GLENN: A lot of people say that bitcoin is in a bubble. And you could make the case. And a pretty strong case that it's in a bubble. One that I haven't really been willing to look at.

STU: This time it's different. It's never going to stop. It's always --

GLENN: Right. It's never different.

However, I think I have the evidence that makes me say, we are definitely in a bubble. Here it is: Launched just a few days ago, crypto kitties -- crypto kitties, essentially like a digital version of Pokémon cards, but based on the Ethereum block chain, is becoming one of the biggest viral sensations to catch on in the tech world.

Design studio. People are spending a crazy amount of really money on the game. So far, about $1.3 million has been transacted with multiple kittens, selling for 50 Ethereum coins. And the genius kitten being sold for a record of 246. That's $113,000.

So here's what it is: I think -- I think there are only a certain number of virtual kitties that are born.

STU: And when you say -- you mean like cats. Little cats? Digital cats?
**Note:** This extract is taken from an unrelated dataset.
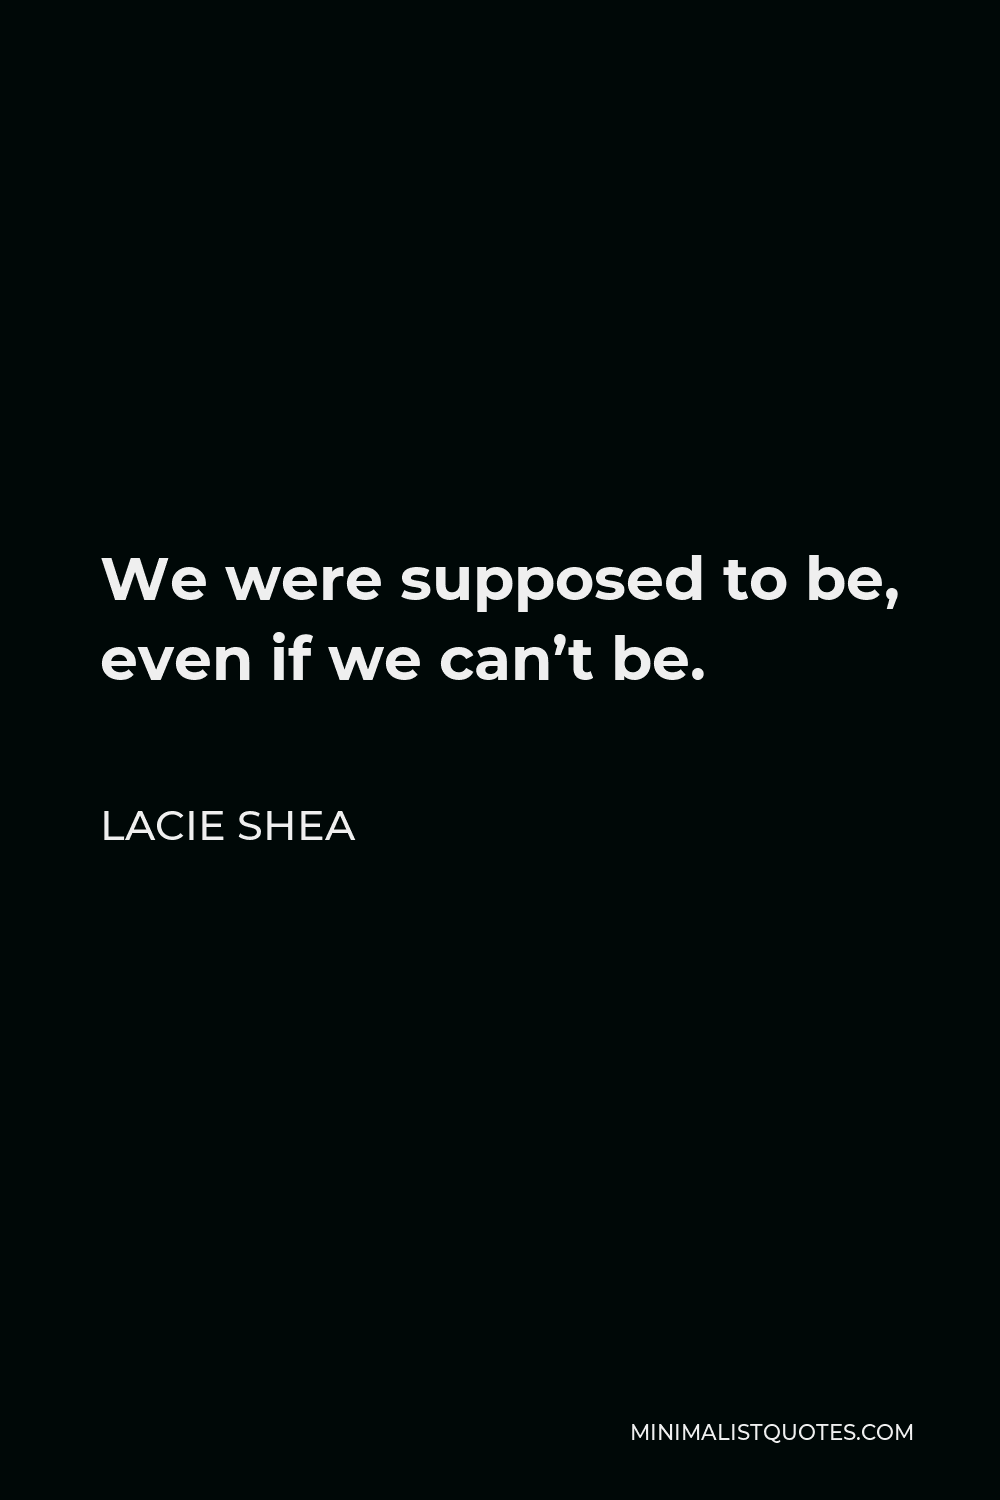 Lacie Shea Quote - We were supposed to be, even if we can’t be.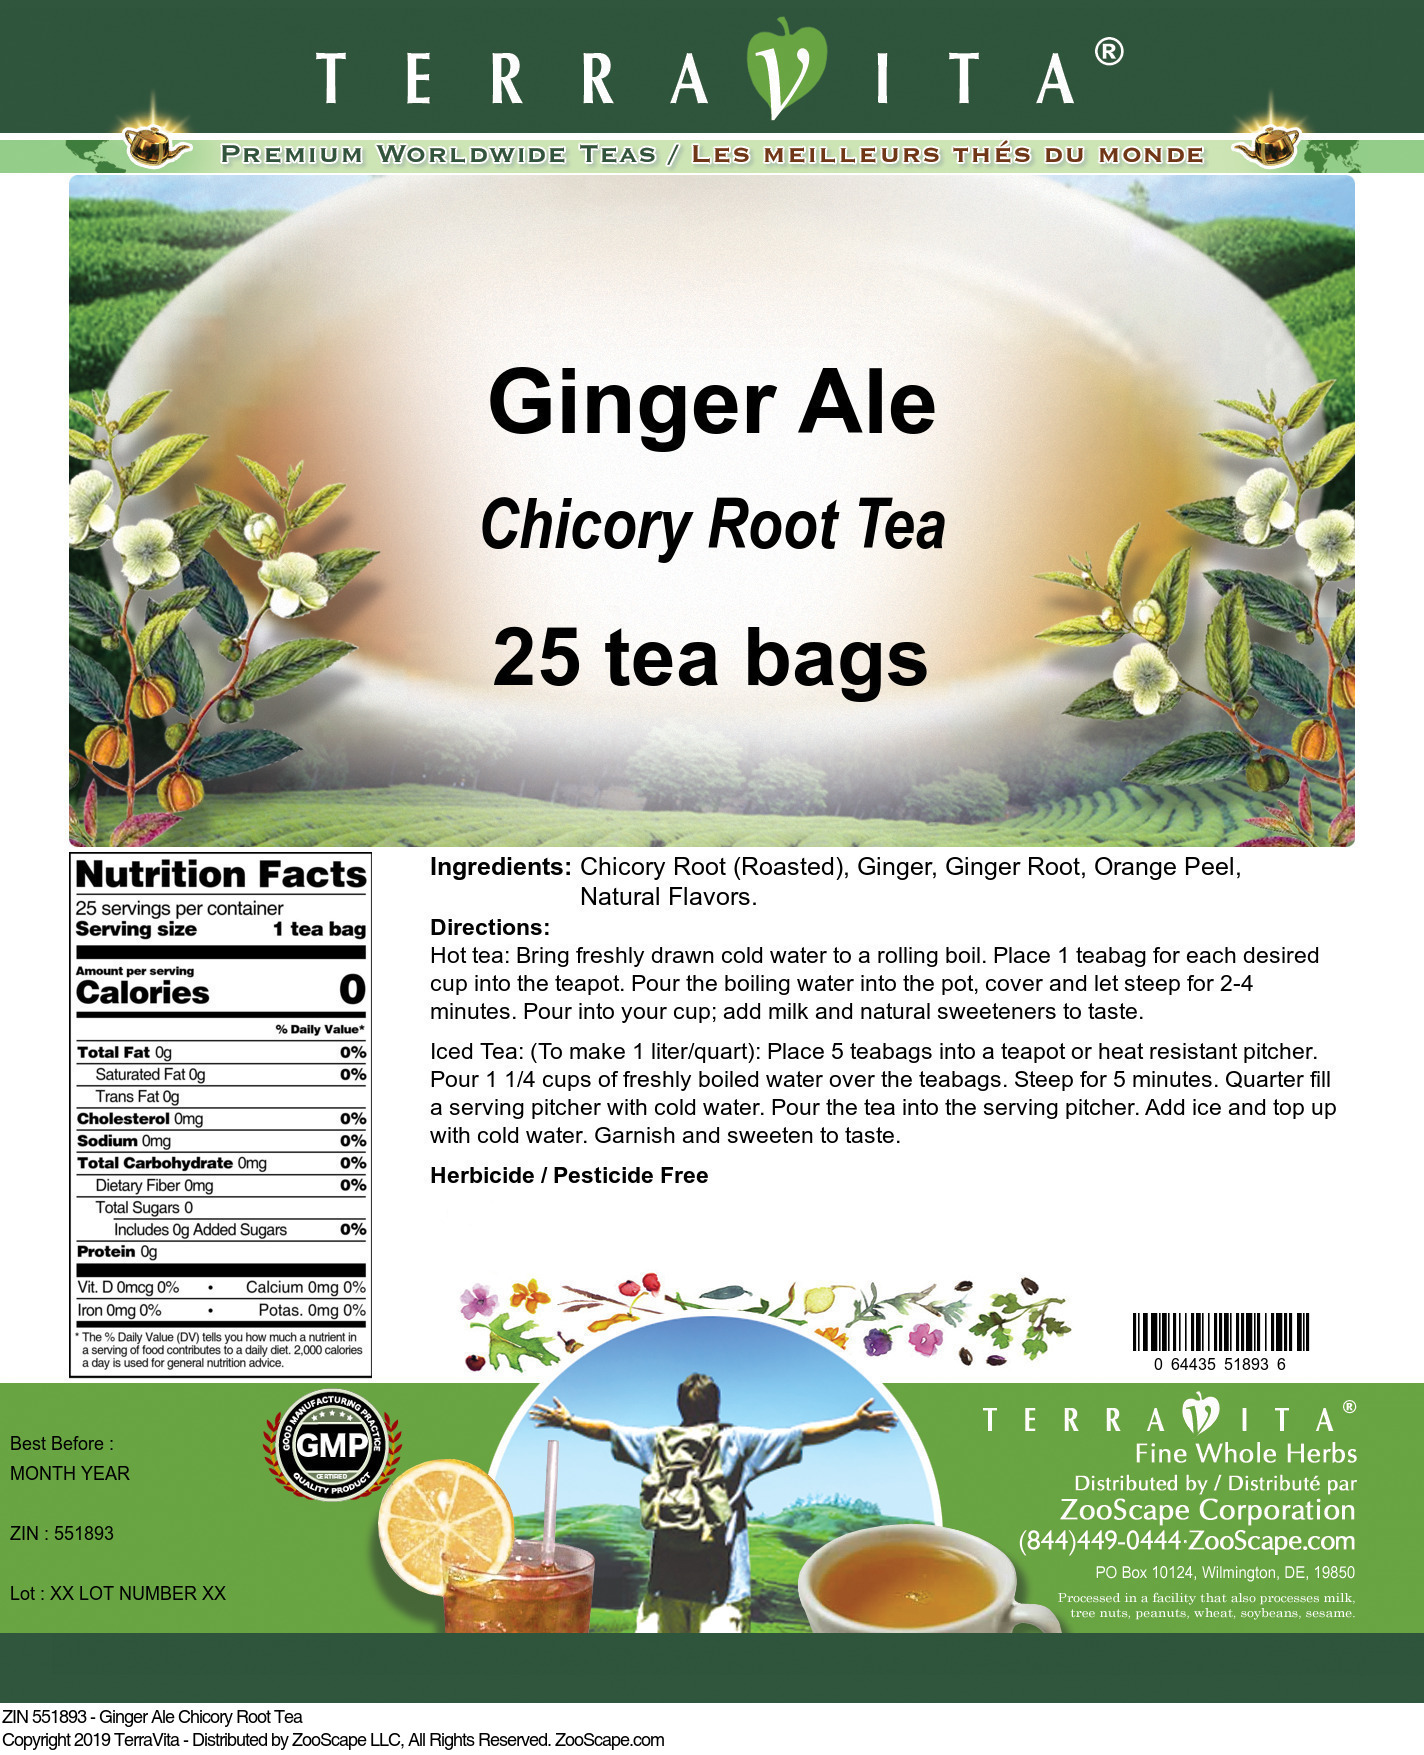 Ginger Ale Chicory Root Tea - Label

GLENN: Little digital cat. Okay? Just a digital cat. And they're born through the block chain.

STU: So stupid.

GLENN: So you buy a cat that is a digital block chain cat.

STU: Uh-huh.

GLENN: And then you can interact with the digital cat. Let's see what it says that you do, I know the idea is to trade. It's like Beanie Babies. To trade and to buy a better cat, that doesn't exist.

STU: Okay. So it's a bubble. We can now clarify.

GLENN: Yeah, it's definitely a bubble. What you do is you collect cats. Here are the cats right here. How to play. There are are the cats.

STU: They all look pretty much the same.

GLENN: They're very different.

STU: They're very different?

GLENN: No, they're very different. Game was ceded with 100 founder kitties. This -- there's also a new gen HEP zero cat, released every 15 minutes, which are listed for the average price of the last five sold, plus 50 percent. But the sale price declines over 24 hours, until somebody actually buys the cat. Anyone can sell their kittens via an auction, where they pick a starting price and an ending price. And the price declines over time, until someone buys the cat.

So, for example, I could put a kitten up for sale for a one-day auction at one Ethereum coin.

STU: Ether or Ethereum.

GLENN: Yeah, Ethereum coin. Starting at one and an ending price of zero.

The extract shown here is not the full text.